Major Tom is an open-access dataset developed by ESA's Φ-lab. It divides the globe into a 10 km by 10 km grid, assigning a high-resolution Sentinel-2 patch to each cell. Each patch is a multispectral cube with 12 bands, each stored as a separate GeoTIFF file (B01–B12). This structured approach allows standardised benchmarking and fair comparisons of AI models across geographies and tasks.

For this demonstration, we focused on a regional subset covering Flanders and parts of the Netherlands. We made these patches available in both their original and CORSA-compressed forms.

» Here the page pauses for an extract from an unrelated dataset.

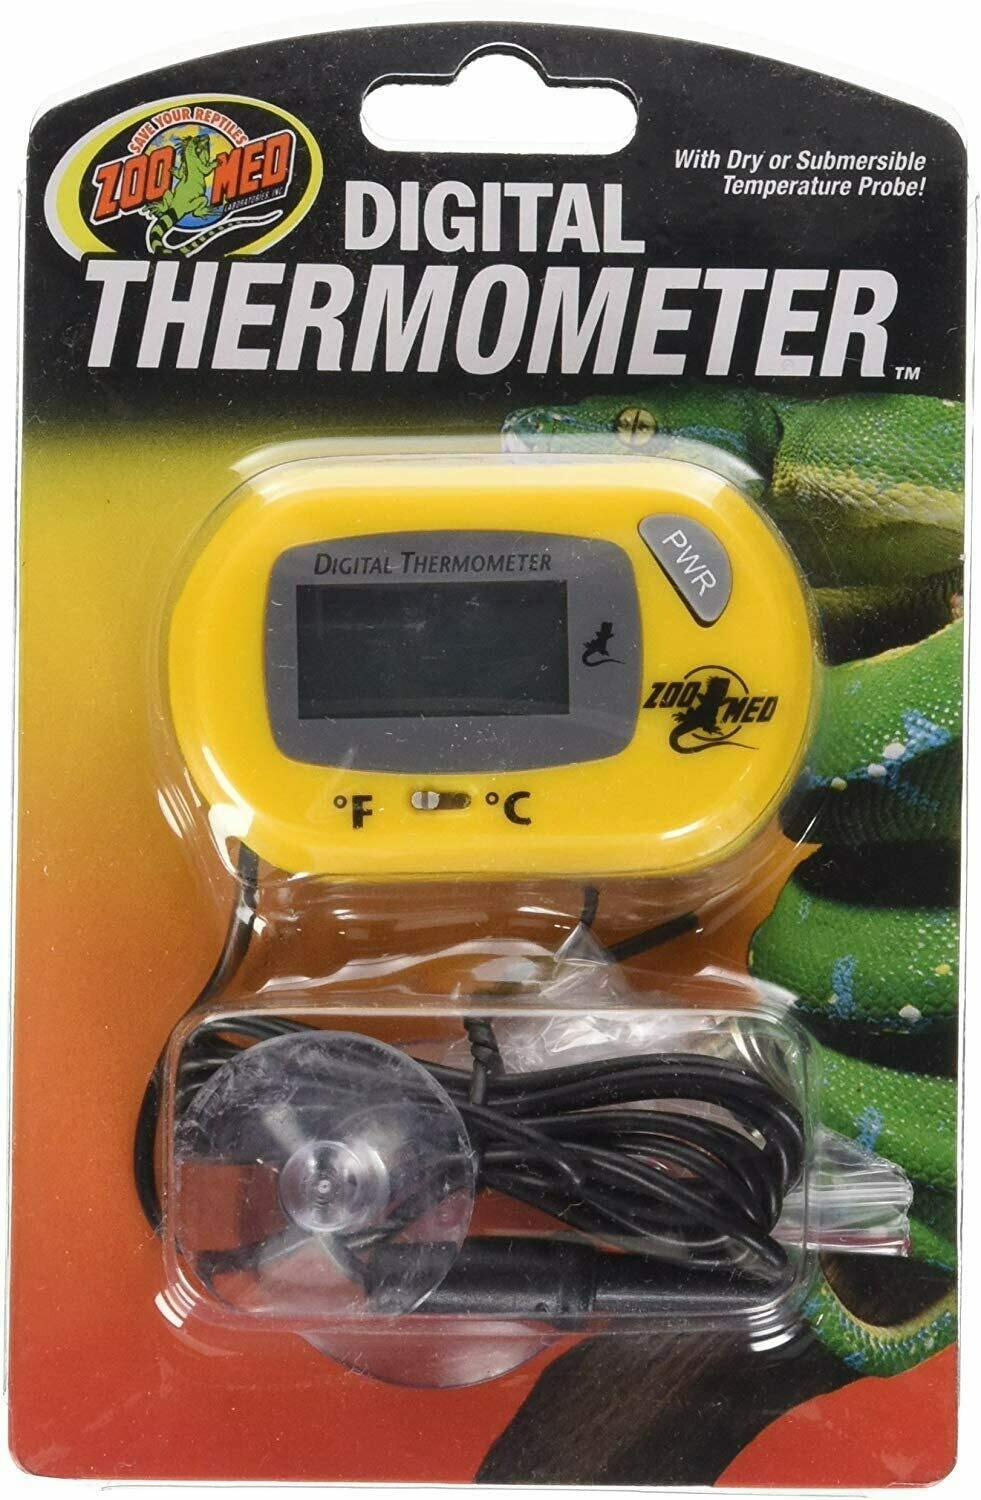 ZooMed - Digital Thermometer

Enter CORSA: Compression Meets Intelligence

CORSA isn't just another image compression tool. It’s built on a Vector Quantized Variational Auto-Encoder (VQVAE) architecture, trained to compress multispectral satellite images while preserving their semantic content. Instead of storing the original image, CORSA represents it through indices pointing to a learned codebook of feature vectors—drastically reducing storage size while maintaining rich visual information.

Figure 1 - CORSA reconstruction
Figure 1: Reconstructing original image from compressed CORSA embedding.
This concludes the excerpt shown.